Traceback (most recent call last):
  File "C:\Users\...\crawler.py", line 24, in test_pull
    print(contents)
ValueError: I/O operation on closed file.

我尝试执行的代码是:

from selenium import webdriver
from selenium.webdriver.common.by import By
from selenium.webdriver.common.keys import Keys
from selenium.webdriver.support.ui import Select
from selenium.common.exceptions import NoSuchElementException
import unittest, time, re
import sys,io
from Parser import HTMLParser

class TestPull(unittest.TestCase):
   def setUp(self):
       self.driver = webdriver.Firefox()
       self.driver.implicitly_wait(30)
       self.base_url = "some_url"
       self.verificationErrors = []
       self.accept_next_alert = True

   def test_pull(self):
       driver = self.driver
       driver.get(self.base_url)
       contents = "" 
       num = 1
       valid = 1
       while valid == 1:
          num += 1
          contents += driver.page_source

          if self.is_element_present(By.ID, "contentright_3_next_page") == True:
              driver.find_element_by_id("contentright_3_next_page").click()
          else: 
              valid = 0

       parser = HTMLParser()
       parser.feed(contents)

    def is_element_present(self, how, what):
        try: self.driver.find_element(by=how, value=what)
        except: return False
        return True

    def is_alert_present(self):
        try: self.driver.switch_to_alert()
        except: return False
        return True

    def close_alert_and_get_its_text(self):
        try:
            alert = self.driver.switch_to_alert()
            alert_text = alert.text
            if self.accept_next_alert:
                alert.accept()
            else:
                alert.dismiss()
            return alert_text
        finally: self.accept_next_alert = True

    def tearDown(self):
        self.driver.quit()
        self.assertEqual([], self.verificationErrors)

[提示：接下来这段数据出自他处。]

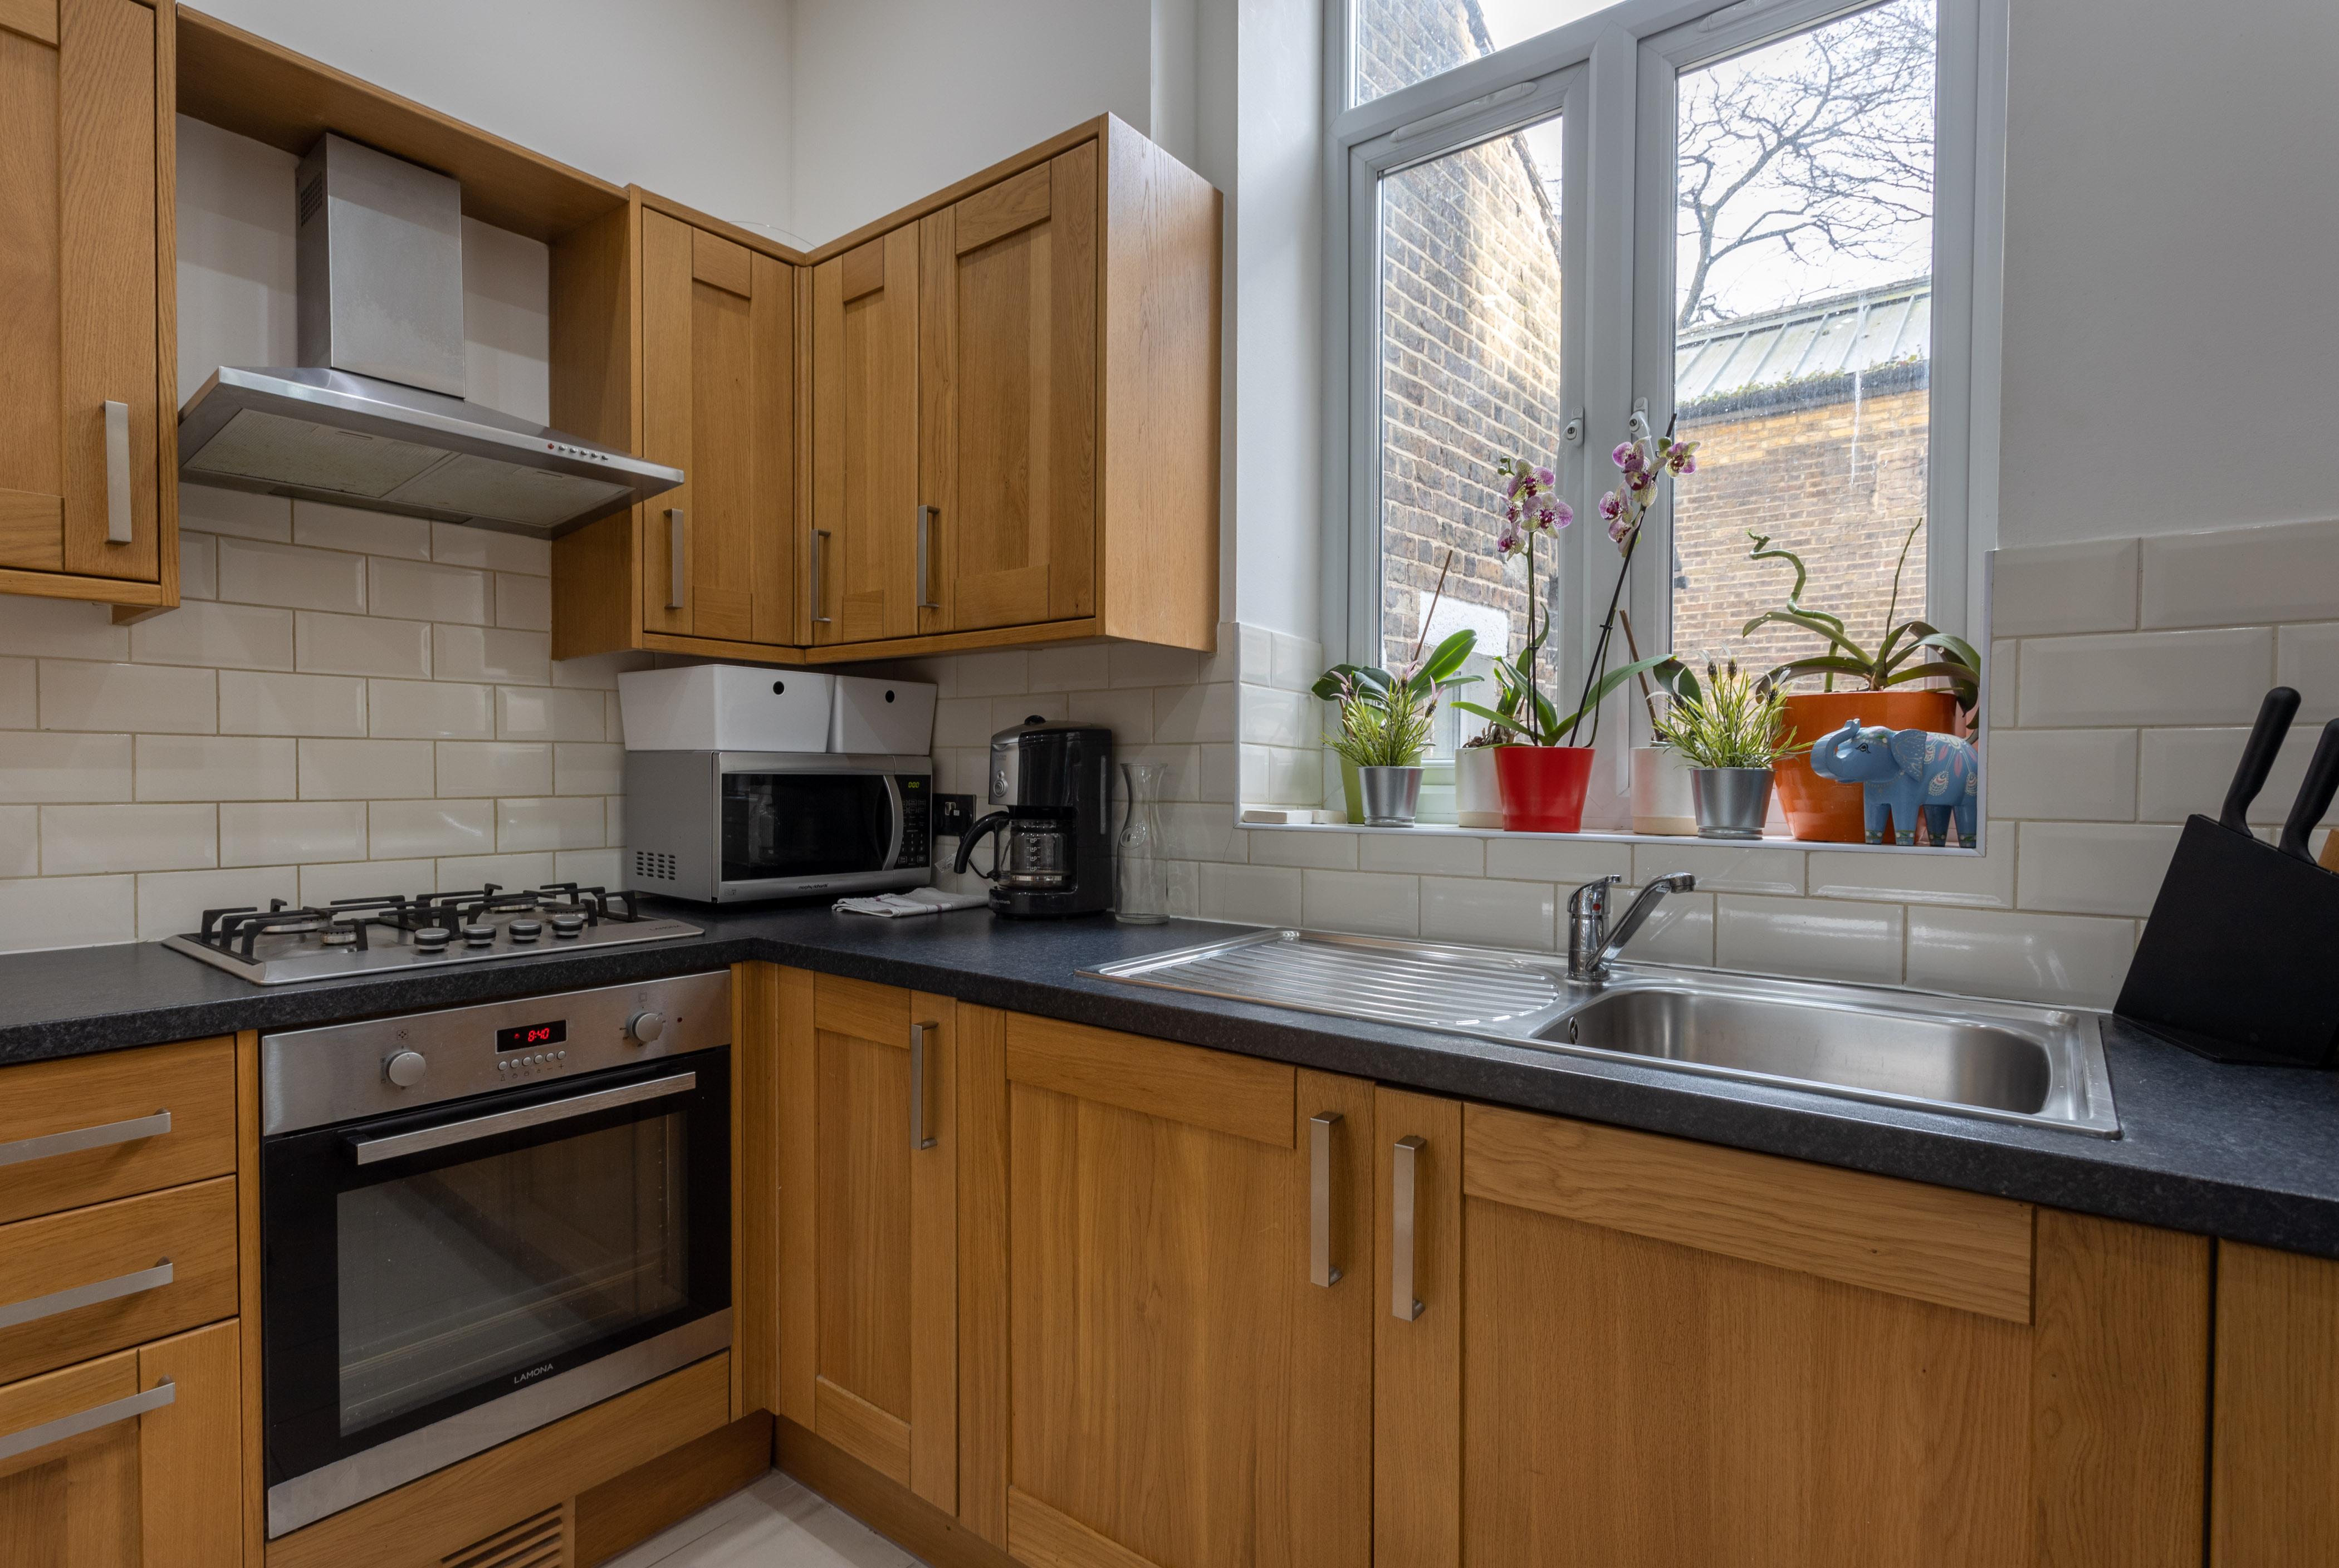 Apartment King s Cross Eurostar Double Room - Shared Bathroom - Shared Kitchen  ROOM 4  photo 26059385

if __name__ == "__main__":
    unittest.main()

如果我删除了print语句,输出仍然是:

Traceback (most recent call last):
  File "C:\Users\...\crawler.py", line 36, in test_pull
    parser.feed(contents)
  File "C:\Python34\lib\html\parser.py", line 165, in feed
    self.goahead(0)
  File "C:\Python34\lib\html\parser.py", line 222, in goahead
    k = self.parse_starttag(i)
  File "C:\Python34\lib\html\parser.py", line 413, in parse_starttag
    self.handle_starttag(tag, attrs)
  File "C:\Users\...\crawler.py", line 20, in handle_starttag
    print(attrs[1][1])
ValueError: I/O operation on closed file.

我的解析器是:

from urllib.request import urlopen
from html.parser import HTMLParser
import sys,io

text_file = open("output.txt", "w")

class HTMLParser(HTMLParser):
    def handle_starttag(self, tag, attrs):
        if tag == 'a':
            if attrs[0][0] == 'title':
                print(attrs[1][1])
                text_file.write(str(attrs[1][1]) + '\n')
    def handle_endtag(self, tag):
        ''' if tag == 'a':
        print(HTMLParser.getpos(self))
        print("Encountered a end tag:", tag)'''
    def handle_data(self, data):
        '''print("Encountered some data  :", data)'''

    text_file.close()

我已经搜索了这个错误的解决方案,我发现的每个问题都与一个打开,关闭的文件有关(在for / while循环中),然后他们尝试访问/写入该文件。我已对代码进行了更改,因此它正在写入单个字符串(而不是写入文本文件),然后通过我的解析器运行批处理源代码,它仍然给我这个错误。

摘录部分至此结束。